As the retail store began to monopolize his time, "Student" ran its last edition. As the business enjoyed continued prosperity -- leading to a chain of stores across the country -- Branson bought a recording studio outside of London and began renting it out to musicians and bands to record their music.

Branson eventually started his own record label, Virgin Music,k and the labels first artist was Mike Olfield and his album "Tubular Bells". Oldfield became one of the best-selling artists of the mid-70s. Branson put his cousin Simon in charge of finding new talent. While the music groups Human League, Simple Minds, and others proved to be successful discoveries, the signing of Boy George and Culture Club gave Virgin its first breakthrough hit.

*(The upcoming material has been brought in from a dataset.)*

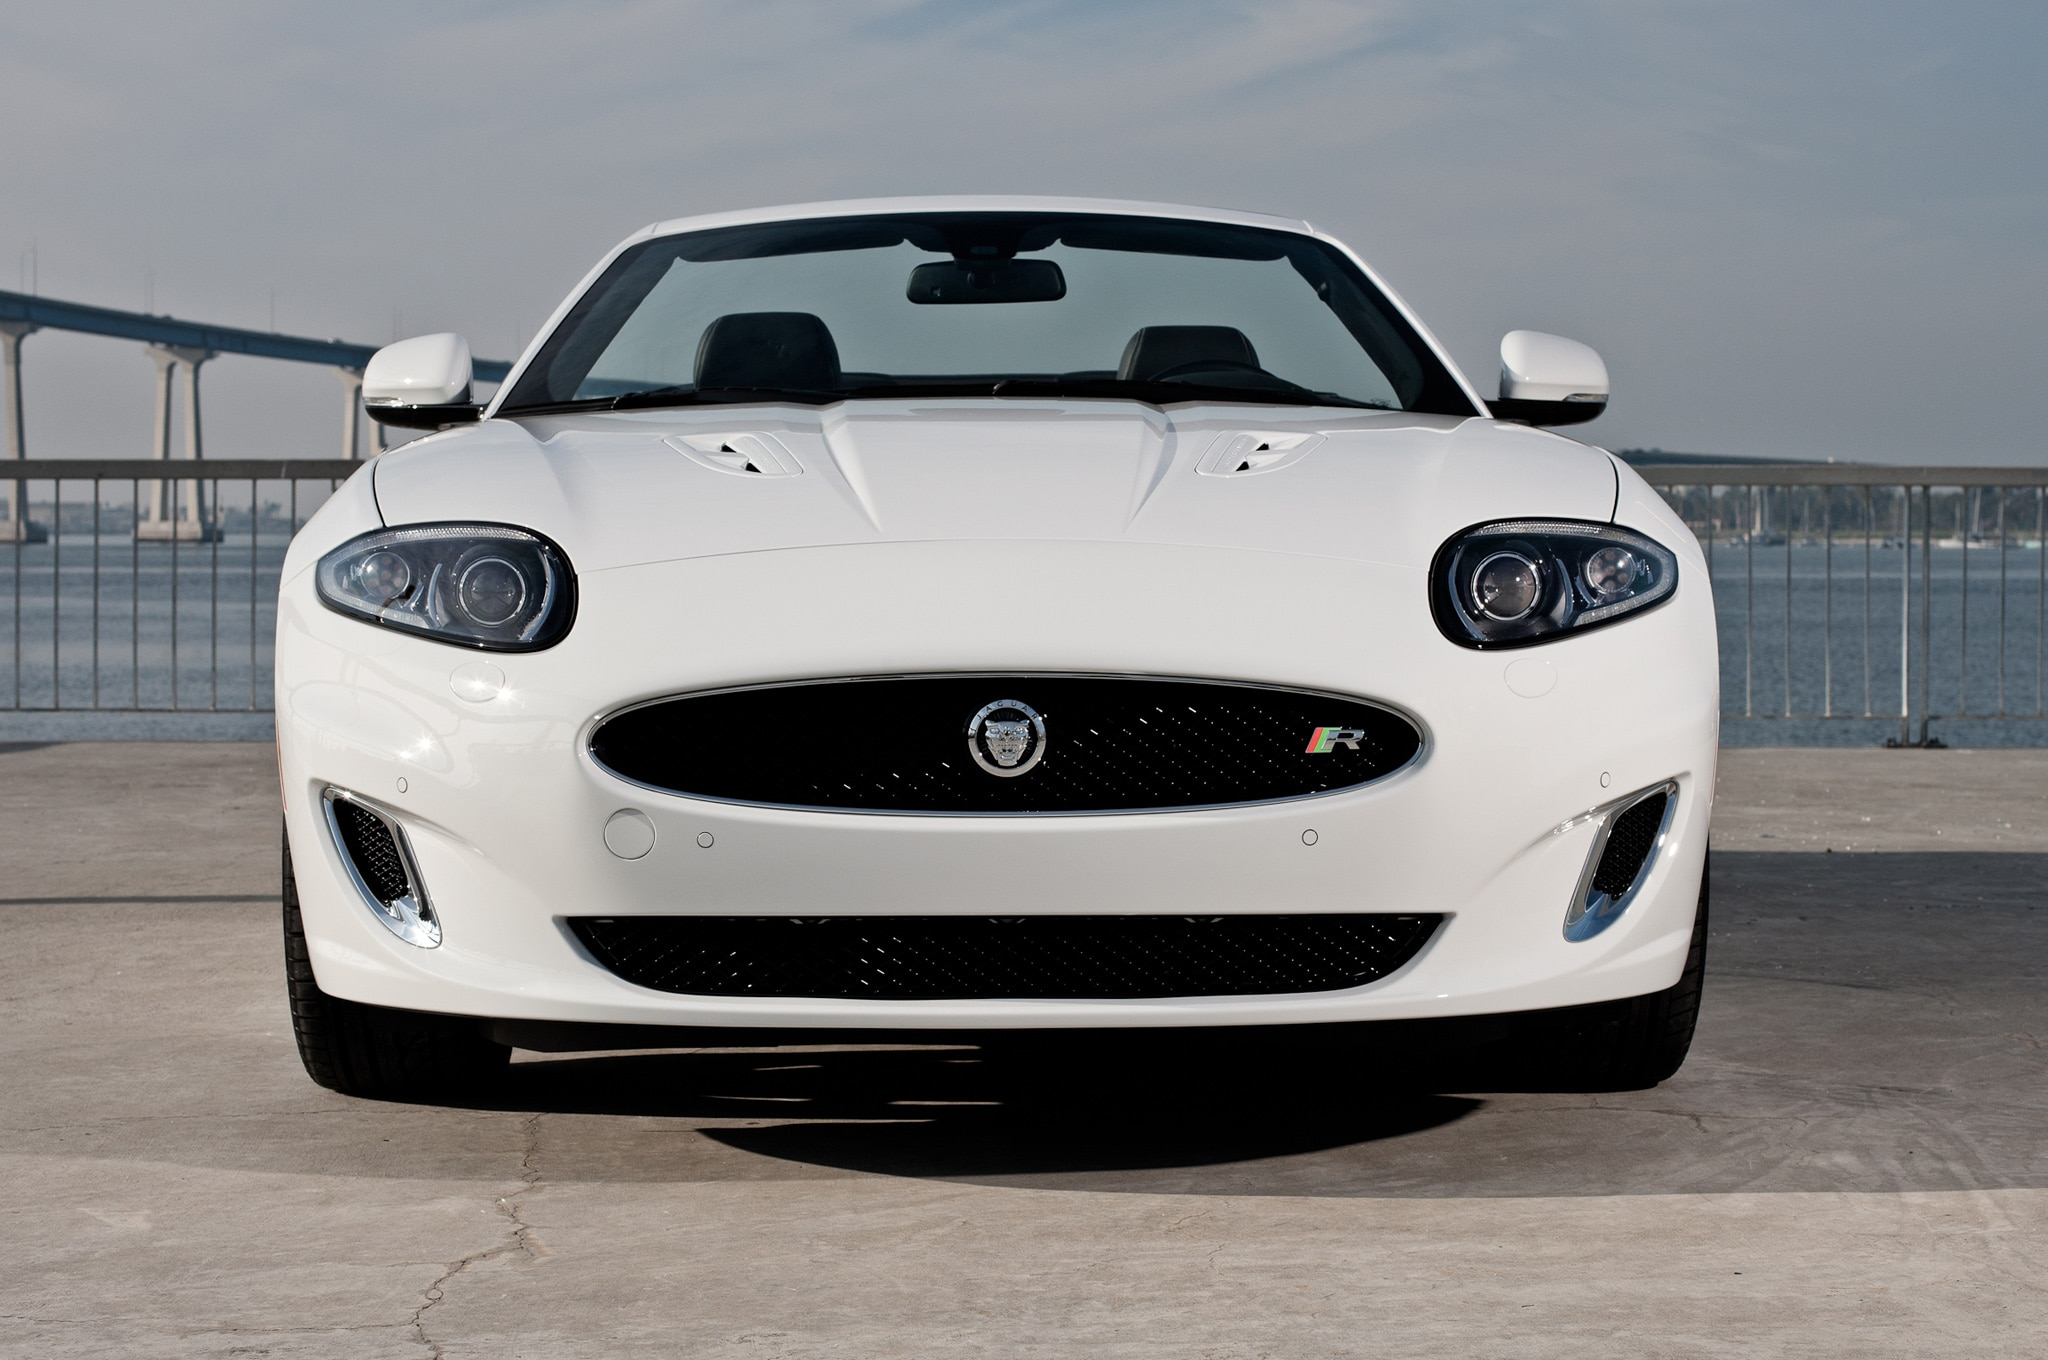 First Look: 2012 Jaguar XKR-S Convertible - Automobile ...

Branson pursued his hobbies with the same enthusiasm and passion as his business ventures. He and a friend broke the record for crossing the Atlantic in a speed boat, which led to his teaming with Swedish balloonist Per Lindstrom to attempt crossing the Atlantic in a hot air balloon. Their first attempt ended in the Irish Sea. Undeterred, they set their sights higher: ballooning around the world. On their first attempt, they began in Japan and wound up crashing in the Canadian wilderness in the middle of a blizzard.

Perhaps Branson's biggest gamble was Virgin Atlantic Airways. He daringly took on the long-established British Airways, accusing them of a monopoly and of unfair business practices. Branson eventually won a sizable out-of-court settlement from British Airways.

The strength of "Losing my Virginity" is Branson's modesty and honesty. He speaks frankly about his first failed marriage, and the happiness he has enjoyed with his second wife and children. Often criticized by the media for being a showman, Branson reasons that he only used his personality to help gain exposure for Virgin. Surprisingly, Branson comes off as a lovable underdog battling the establishment, instead of a spoiled tycoon. In the introduction, Branson explains that "Losing My Virginity" is Volume One of his autobiography, which takes him up to his early 40s. How Branson will reinvent middle-age and retirement should make for a compelling sequel.

This book was published by Time Warner, which is the parent company of CNN Interactive.

Tom Faucett is a freelance writer who lives in Atlanta.